Она не знала, то ли пригрезилось ей, то ли и впрямь вдруг приснилась лежневка, и подвода, и весенний лес в осевших тяжелых сугробах, до смерти надоевших всем, и борода Аполлинария, только вдруг она вздрогнула от четкого сухого стука на мосту, под крылечной, кажись, дверью. Сон отлетел, и чистой, освеженной коротким старческим сном головой она осознала, что там был настоящий, не пригрезившийся стук, неведомо откуда взявшийся. Полежала с минуту, не шевелясь, — стук не повторился. Она поднялась, накинула стеганку, нащупала спички на столе и приблизилась к двери. Прислушалась еще — все тихо. Откинула крючок и осторожно вышагнула в темноту глухого моста. Она вычиркнула спичку, подняла ее над головой. Свет выхватил толстенные — в обхват — бревна стен, их темно-восковой блеск, ларь вдоль стены, темную наволочь потолка. Спичка догорала, и Афанасьевна, будто опасаясь, что не рассмотрела чего-то за ларем, шагнула туда, и в тот же миг нога отщелкнула какую-то палку. Спичка потухла, но Афанасьевна покряхтела в темноте, ощупала пол, наклонясь, и вот рука ее ощутила гладкую стынь костыля, оставшегося от мужа.

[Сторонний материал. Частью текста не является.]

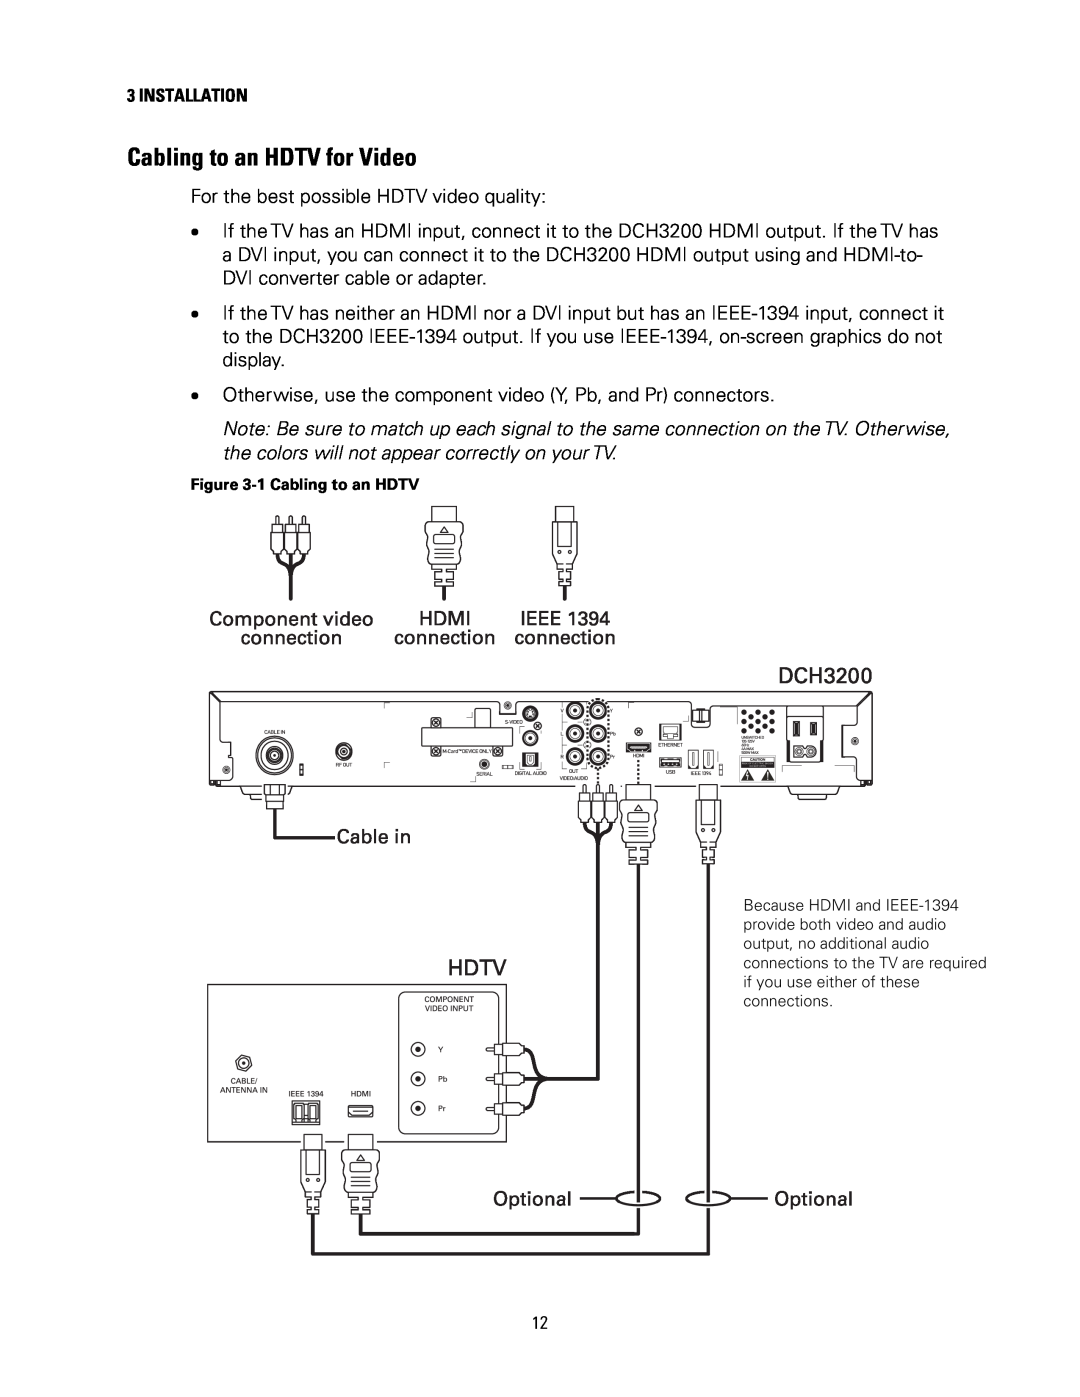 Motorola DCH3200 installation manual Cabling to an HDTV for Video

— Батюшки светы! — прошептала она и заторопилась в избу, унося с собой эту забытую, выпавшую откуда-то из угла палку.
Она села на постель, не в силах припомнить, где была эта палка и сколько лет назад она исчезла куда-то, но даже это было сейчас неважно, поскольку вся встревоженная душа ее находилась во власти единственной и несомненной догадки: Василий подал ей этот знак!
— Батюшки светы! Васильюшко приходил… — шептала она и без страха ширила глаза в темноту, старалась расслышать зов его или знакомый, заглушенный годами его шаг с приволокой, готовая подняться ему навстречу, пасть в ноги и покаяться в своей нечаянно длинной безгрешной жизни.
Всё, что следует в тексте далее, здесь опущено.